• **ABOUT THIS EXERCISE**: Starting at the line with "18k yellow gold ladies earrings." and going on through the line with "Condition: Earrings are", reproduce each line in the records below exactly and nothing more.

• **EXERCISE DATA**:

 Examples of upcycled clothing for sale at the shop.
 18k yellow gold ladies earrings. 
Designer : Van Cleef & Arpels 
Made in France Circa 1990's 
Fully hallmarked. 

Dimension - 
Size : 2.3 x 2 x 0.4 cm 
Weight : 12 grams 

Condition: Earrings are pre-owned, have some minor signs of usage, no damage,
...
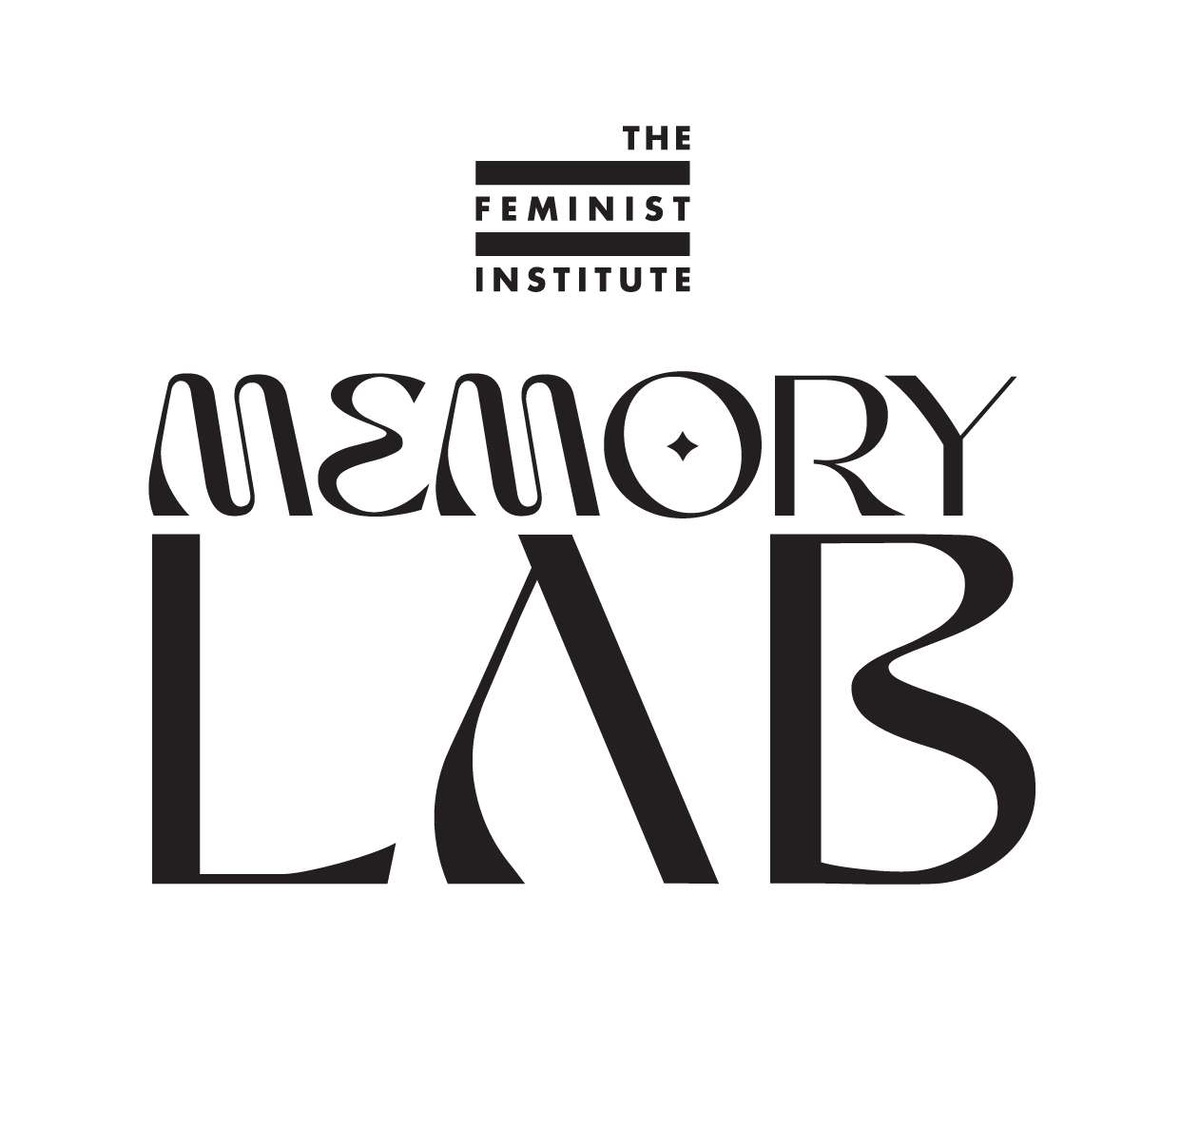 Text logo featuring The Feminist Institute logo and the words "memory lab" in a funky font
...
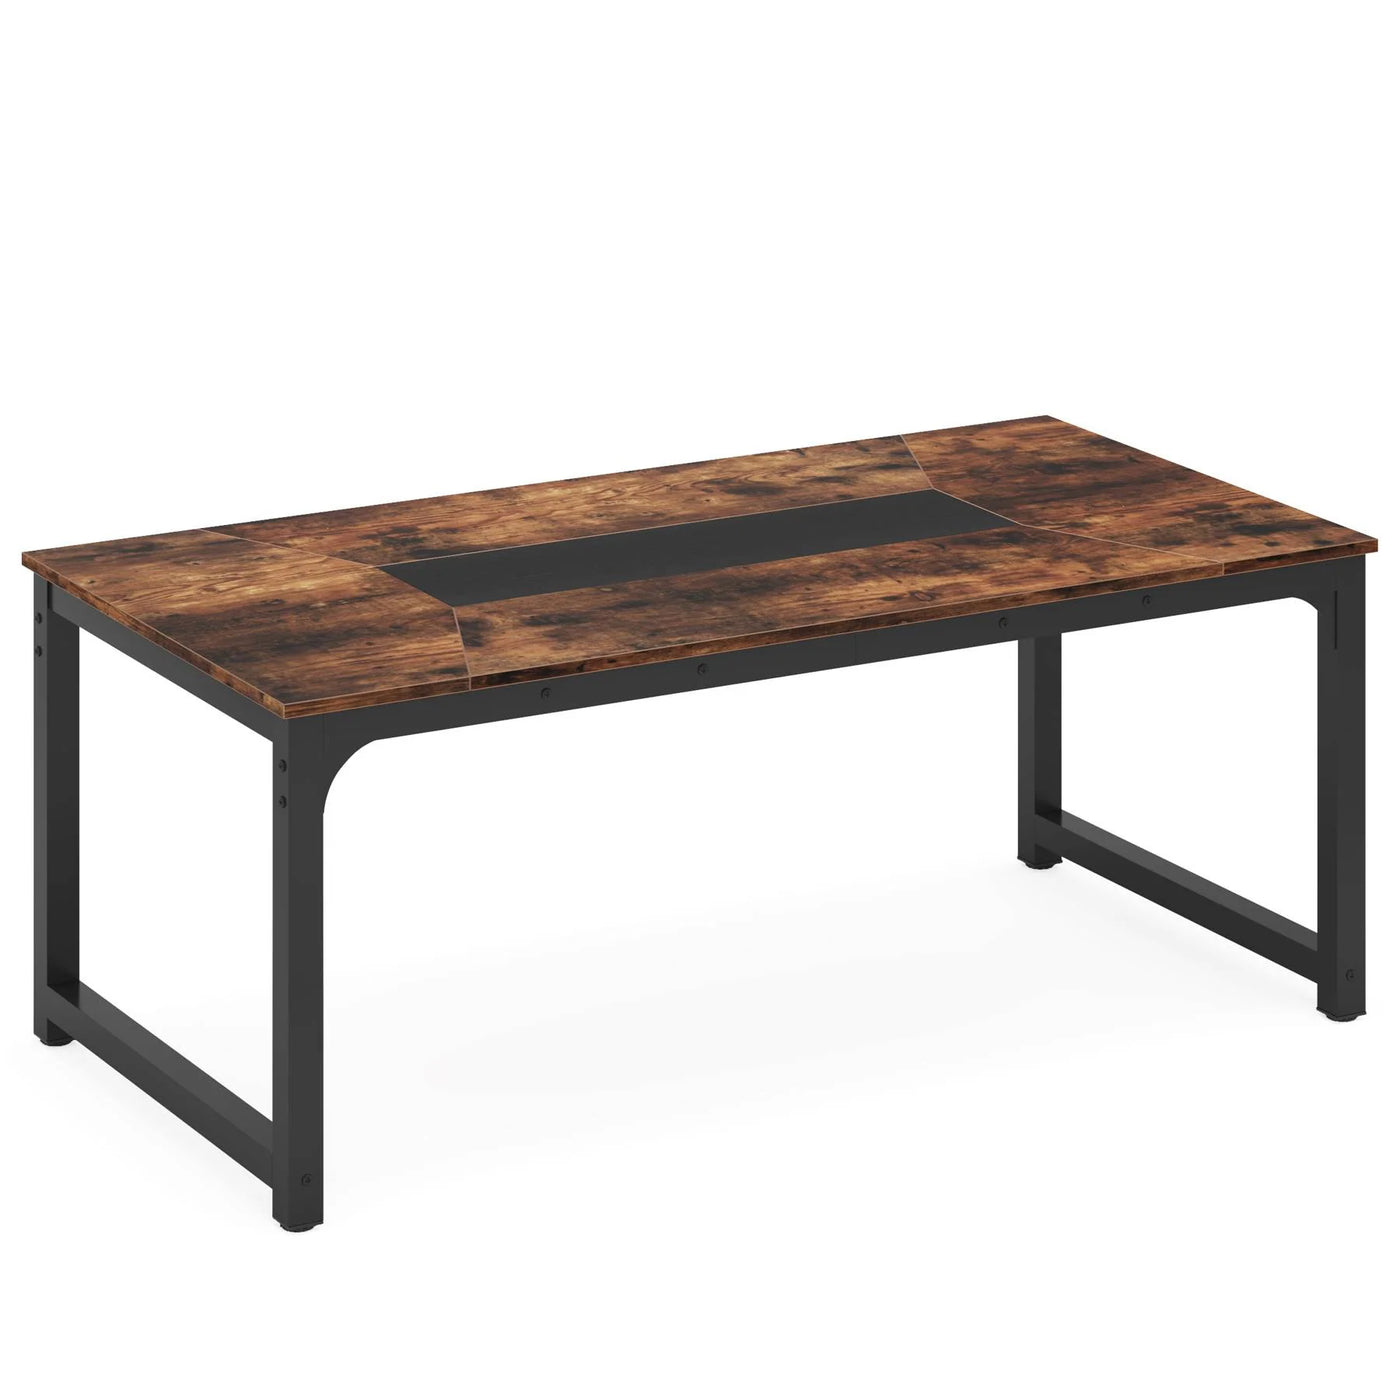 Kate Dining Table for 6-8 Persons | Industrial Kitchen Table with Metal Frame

• **TASK RESPONSE**:
 18k yellow gold ladies earrings. 
Designer : Van Cleef & Arpels 
Made in France Circa 1990's 
Fully hallmarked. 

Dimension - 
Size : 2.3 x 2 x 0.4 cm 
Weight : 12 grams 

Condition: Earrings are pre-owned, have some minor signs of usage, no damage,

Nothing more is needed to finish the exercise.